China's Rate Tightening Threatens Copper
Source: Financial Times, Jack Farchy (4/6/11)
"Some of the world's biggest copper miners are warning of lower prices for up to a year on China's moves to curb inflation."
Diego Hernández, chief executive of Codelco, the Chilean state-owned copper giant that is the world's top miner of the red metal, told the Financial Times that China was a "worry" in the short term because of the government's measures to cool the economy and the high level of copper inventories in the country.
China, the world's largest copper consumer accounting for 40% of global demand, has been largely absent from the copper market for months as a combination of high prices and tightening credit conditions forced manufacturers to cut back on purchases.

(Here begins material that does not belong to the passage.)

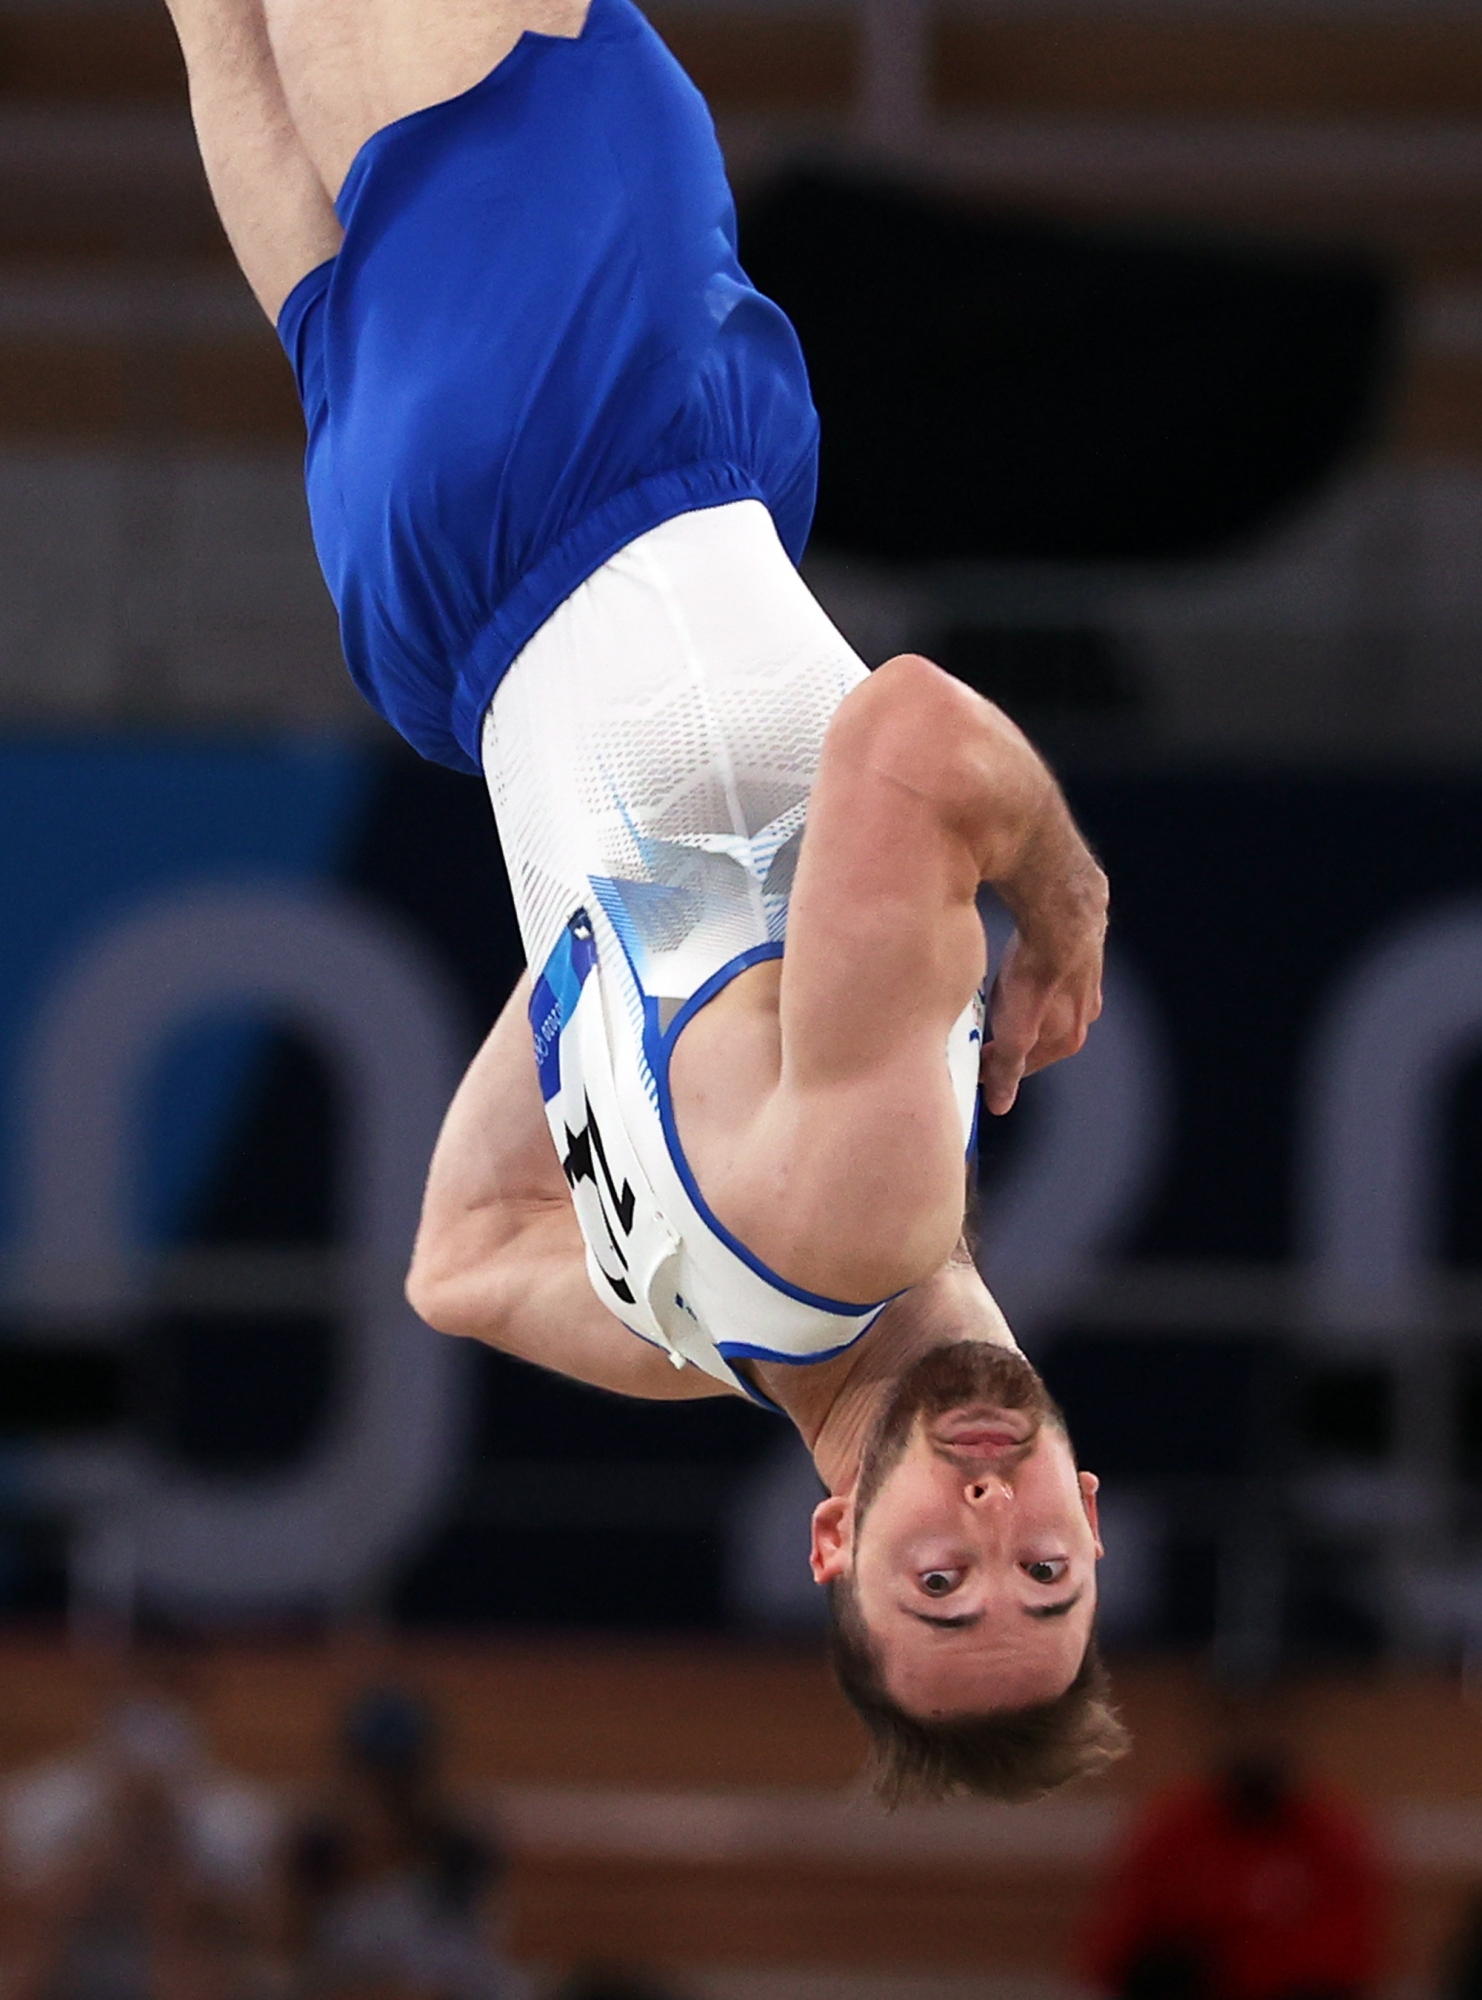 epa09384453 Artem Dolgopyat of Israel competes in the Men's Floor Exercise Final during the Artistic Gymnastics events of the Tokyo 2020 Olympic Games at the Ariake Gymnastics Centre in Tokyo, Japan, 01 August 2021. EPA/FAZRY ISMAIL
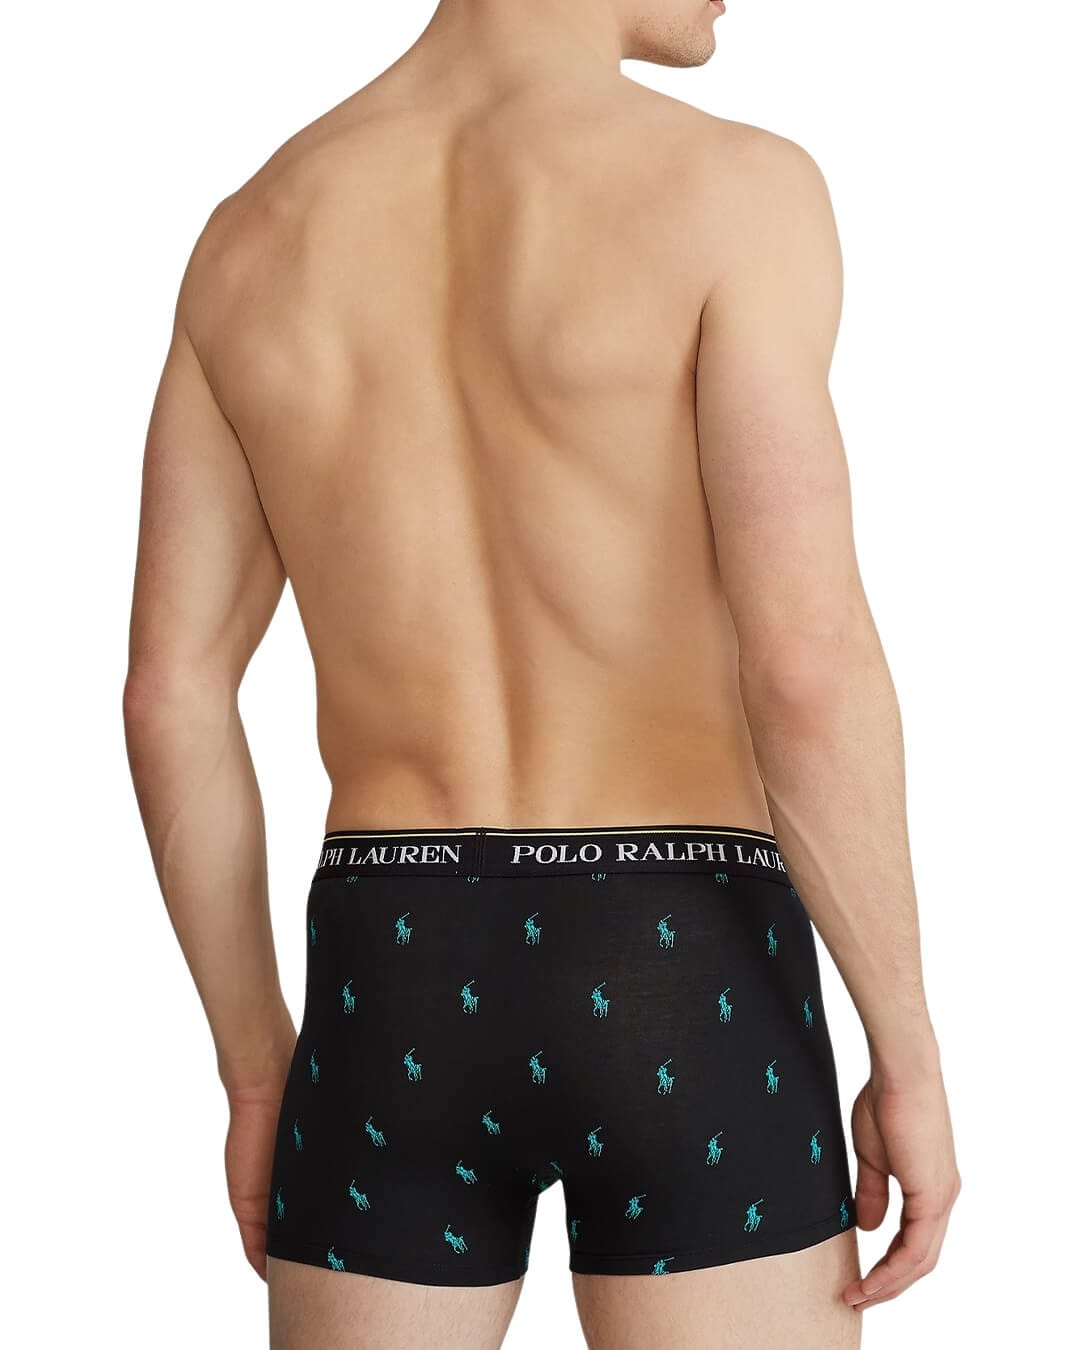 Polo Ralph Lauren Underwear Polo Ralph Lauren Black, Red And Turquoise Three-Pack Trunks

In the latest move to combat high inflation, China's central bank on Tuesday raised benchmark interest rates for the fourth time in five months.
"Three or four months ago our figures showed that the market, because of China, would be very tight in 2011 and 2012," Mr Hernández said. "The concern now is that in the short term we could have some volatility in the price."
His comments, pointing to a short-term correction in the copper price, encapsulated a mood of caution and confusion over the outlook for copper at Cesco week, the annual industry gathering in Santiago.
The red metal shot to a record high of $10,190 a tonne in February, buoyed by unbridled enthusiasm from investors, but since then has slipped 8%.